When you copy the data that follows, reproduce every word exactly and leave out the images.

Collected material =>

----

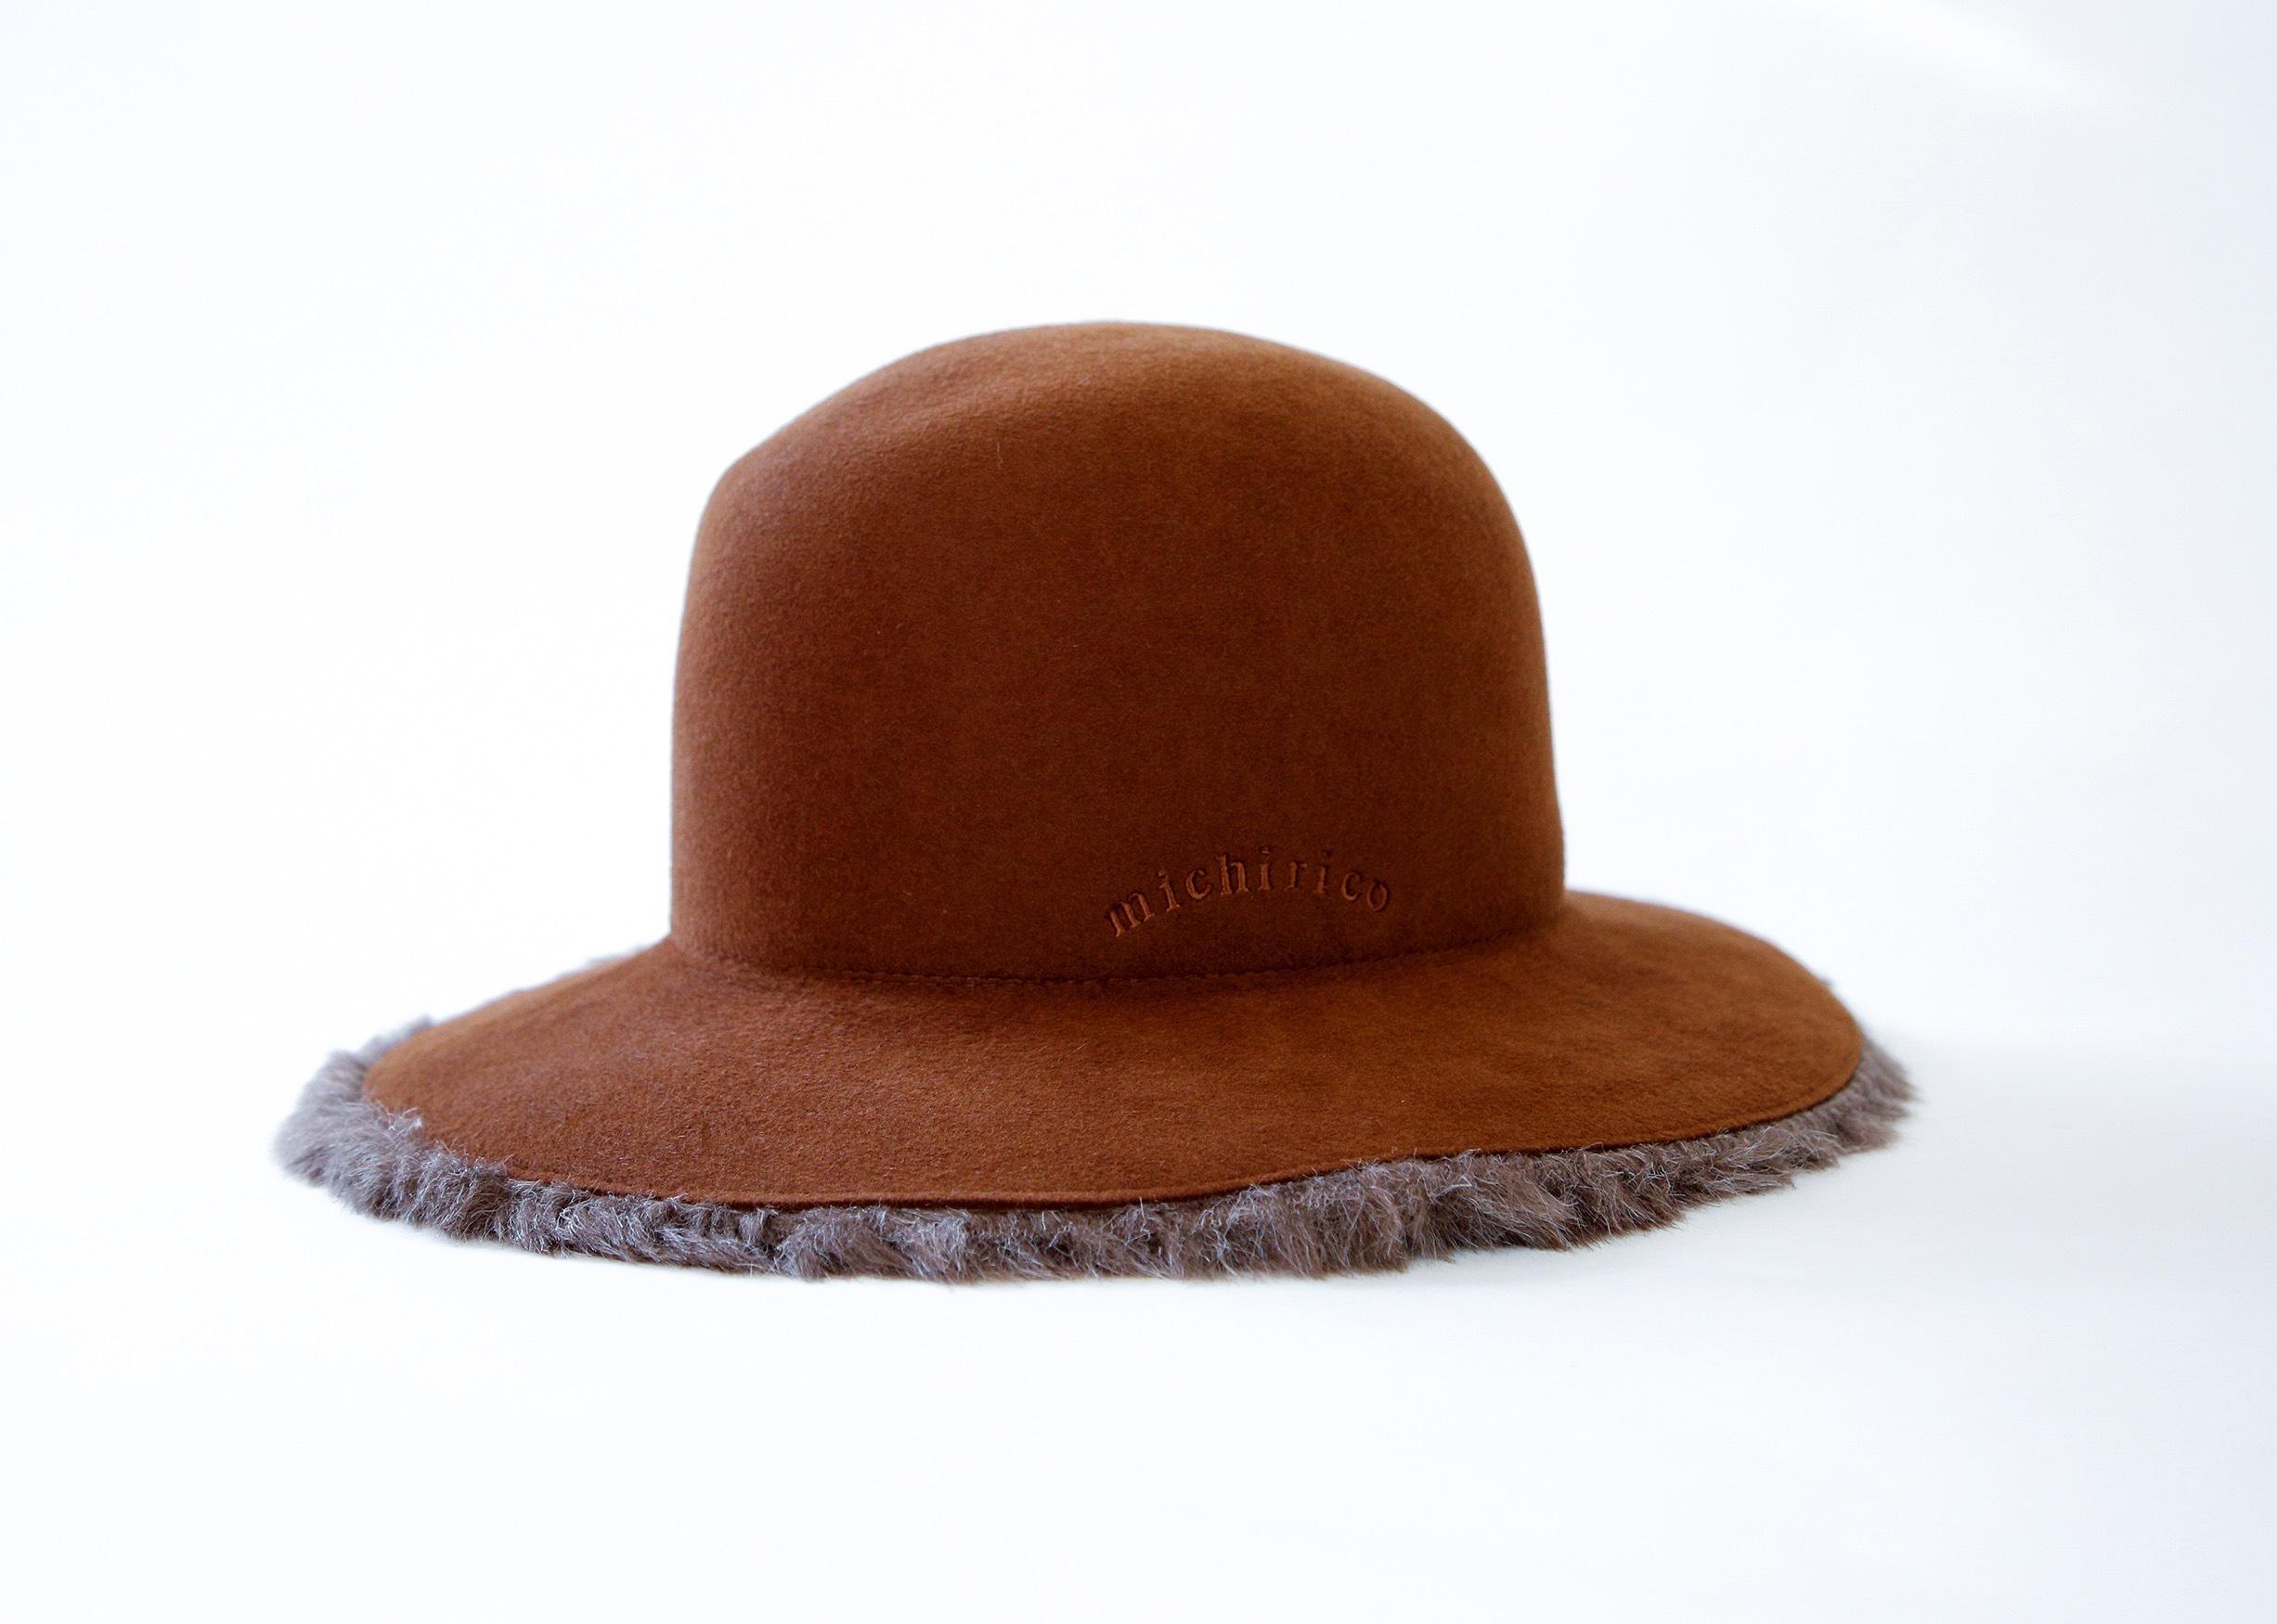 《michirico 2020AW》Antelope hat / camel / F(womens)
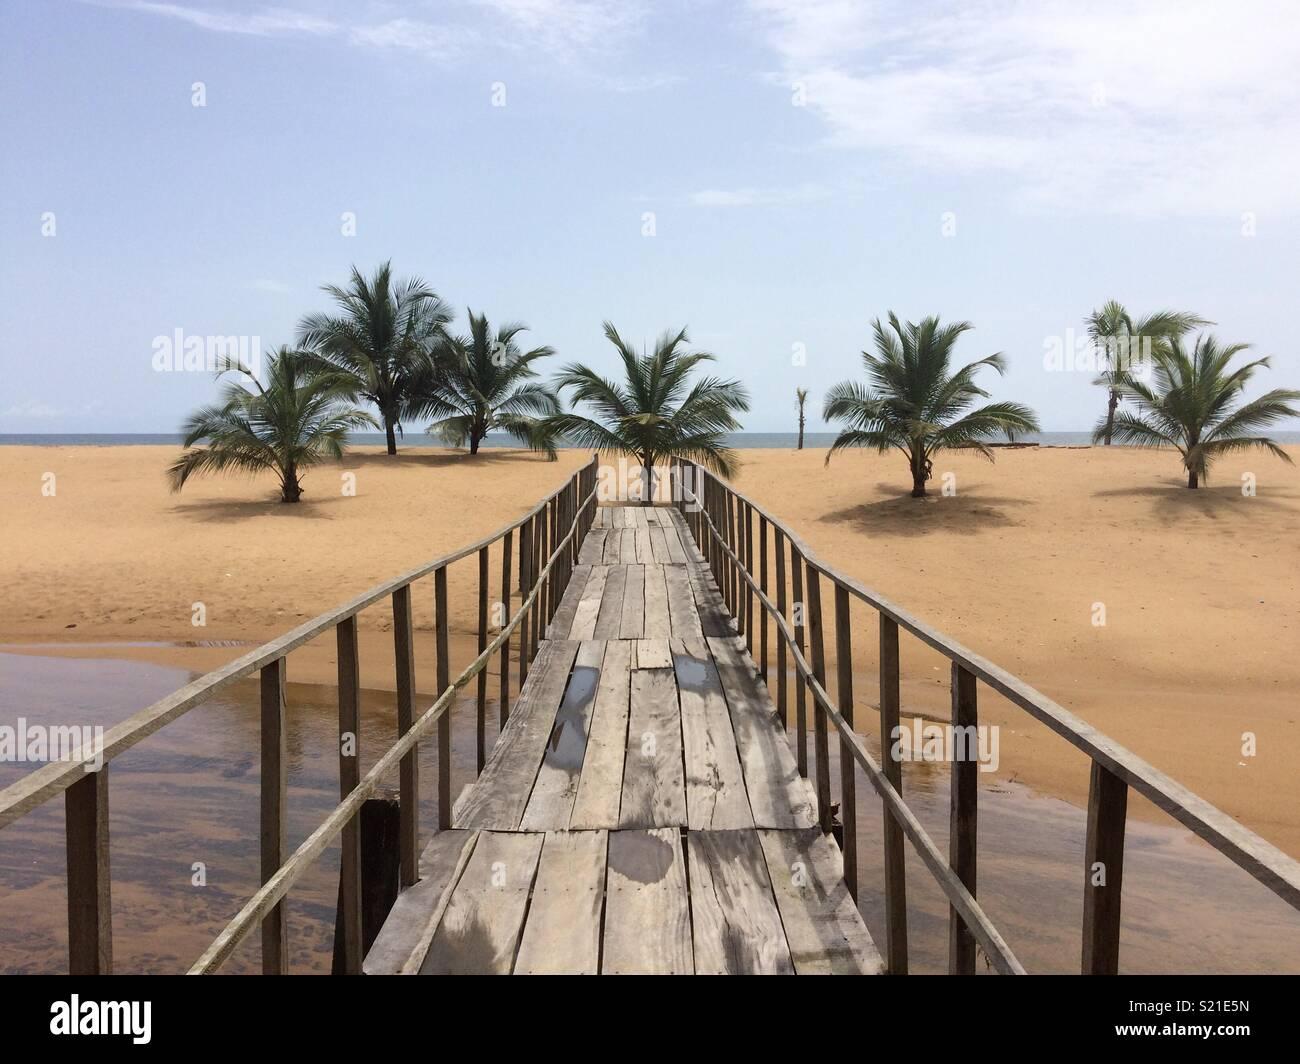 Bridge to paradise - Stock Image
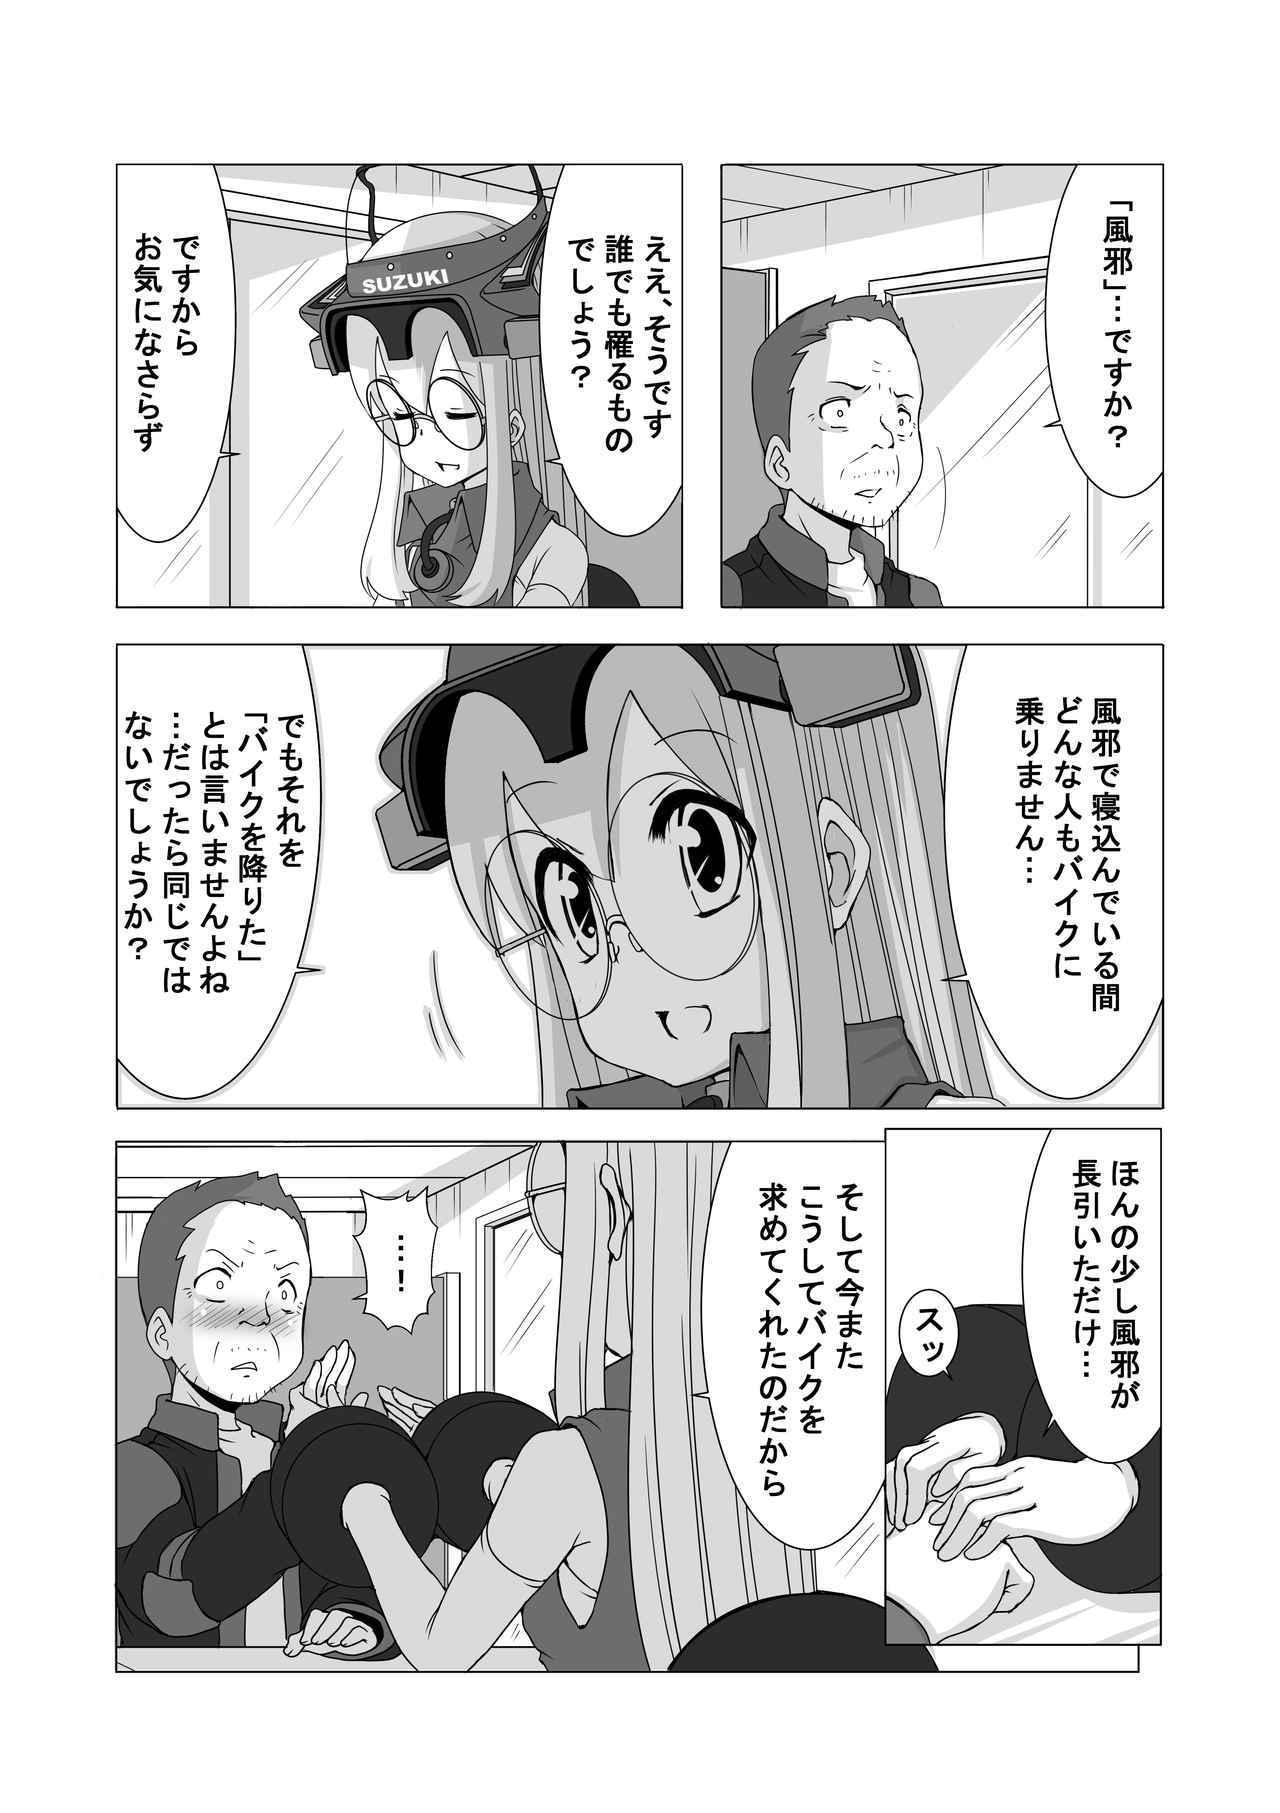 画像2: 『バイク擬人化菌書』単行本 第1〜5巻、好評発売中!

----

Result of the task =>
 《michirico 2020AW》Antelope hat / camel / F(womens)
 Bridge to paradise - Stock Image
 画像2: 『バイク擬人化菌書』単行本 第1〜5巻、好評発売中!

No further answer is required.